It really depends. The early bytes probably contain things like image dimensions...

kazinator · on Oct 29, 2021

To avoid the hash being entirely oblivious to bytes beyond a small block at the start, we could take additional samples of the file at exponentially increasing offsets:

Hash the first kilobyte.

Hash the 16th kilobyte

Hash the 256th kilobyte

Hash the 4096th kilobyte (4M)

Hash the 65536th kilobyte (64M)

Hash the 1048576th kilobyte (1G)

Then 16G, 256G, ...

It might be worth including the last kilobyte. (I think I mentioned that.) If the file format has trailing metadata, that can help, especially if there is any sort of checksum in it.

cb321 · on Oct 29, 2021

Sure. I agree various sampling strategies are a good design, as long as they don't add up to much IO. Making that a "user parameter" to be customizable seems ideal. What you suggest may make a fine default - if adapted to varying file sizes somehow. E.g., that Nim dups program I mentioned elsewhere could just take a sequence of slices instead of only one..maybe just ignoring out of bounds slices. { And for size clusters where the size < N, screw it - just hash the whole thing, probably. ;-) }

DeathArrow · on Oct 30, 2021

Finding sections of the file where data can be different is not only potentially hard but depends on the type of data. So can't be made generic.

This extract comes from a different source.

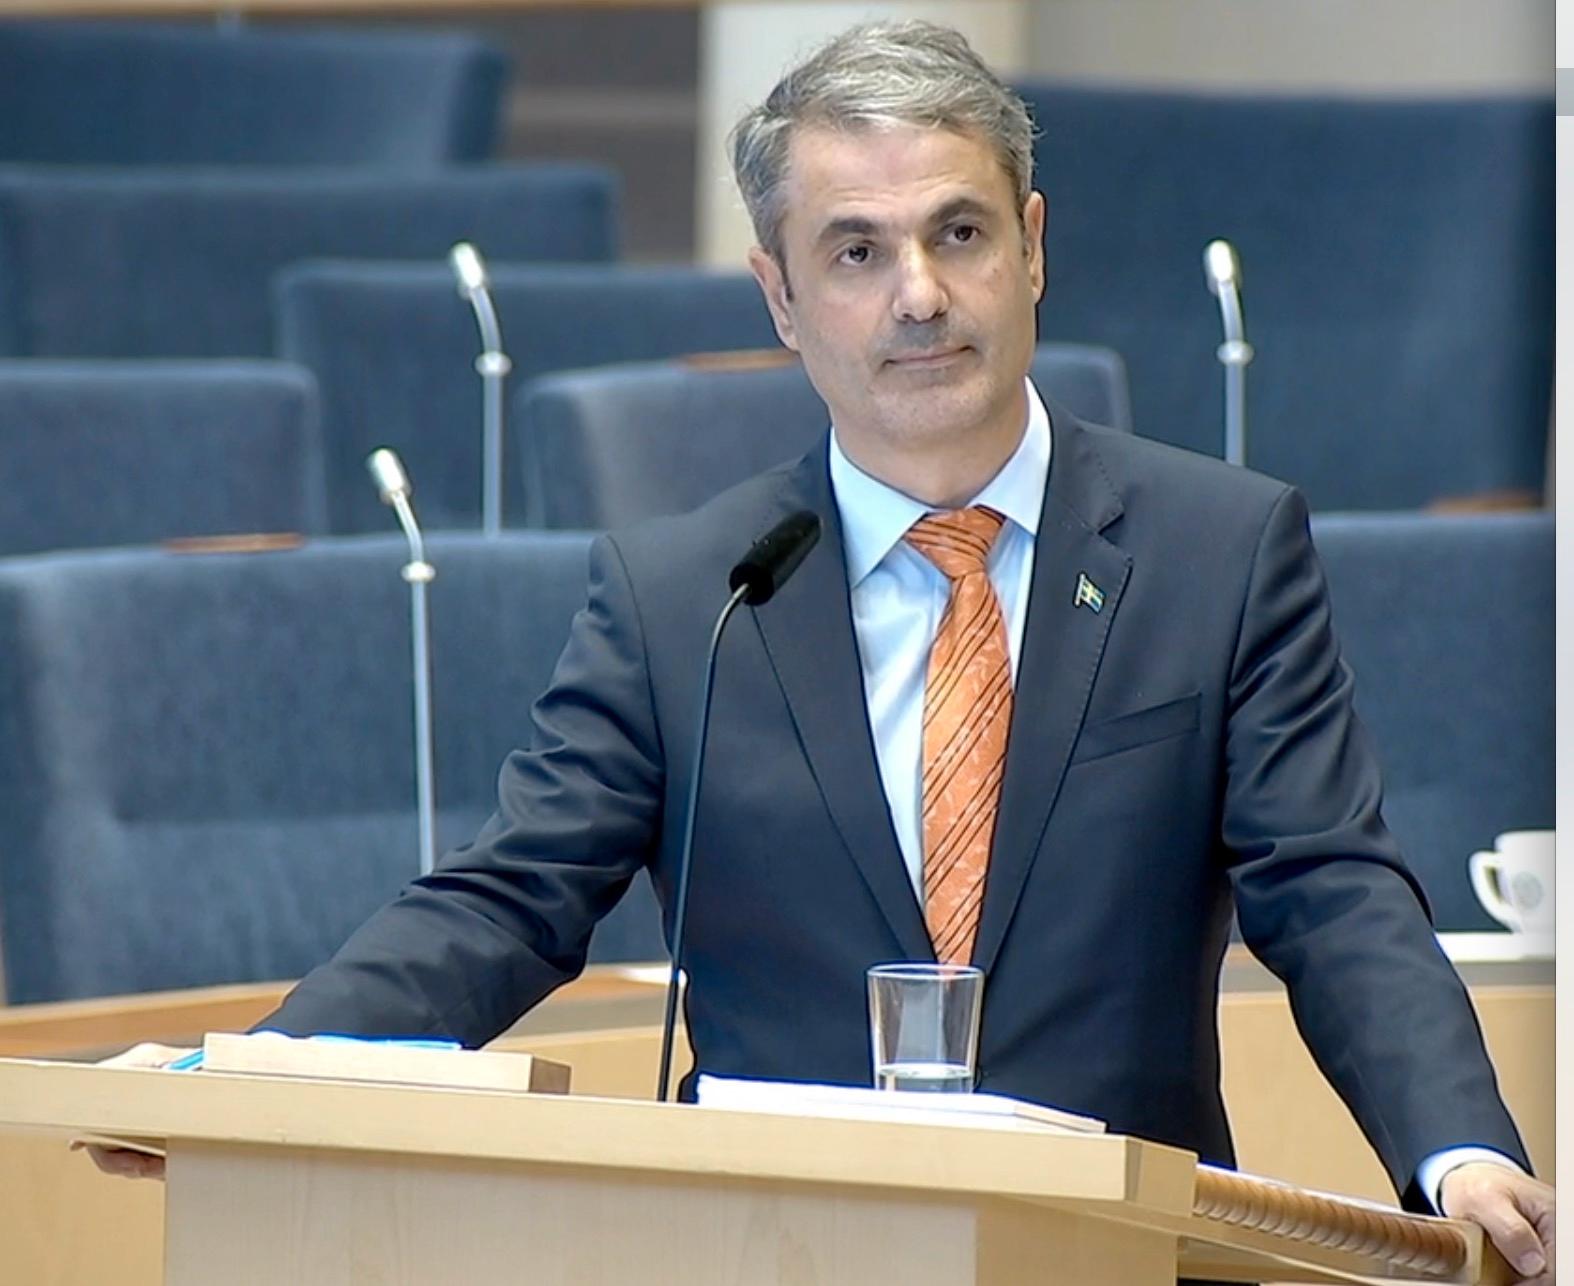 Näringsminister Ibrahim Baylan pressades i riksdagen om Aftonbladets avslöjande Nätjättarna

Comparing files based on size is trivial and I presume people will always do it first before attempting to use a hash or even CRC.

As you say, single disk read speeds are slow but there is a high chance they will improve over time.

PCIe 6.0 x16 has a bandwidth of 128 GB/s. It would be theoretically possible to reach that aggregate speed in raid 0.

cb321 · on Oct 30, 2021

>Finding sections of the file where data can be different is not only potentially hard but depends on the type of data. So can't be made generic

I agree, and a cousin comment of mine suggests user-specifiable sampling which can always be a full sample in the "hard case". Often, once one has identified true duplicate candidates, a full compare is desirable to not trust any hash, and that full compare uses a lot of IO. That depends on the user, too.

>Comparing files based on size is trivial and I presume people will always do it first before attempting to use a hash or even CRC.

It is unclear the meow guys did this since they seemed to motivate hash performance based on dedup and they unlikely had IO > 10GB/s in 2018, but it's hard to know for sure.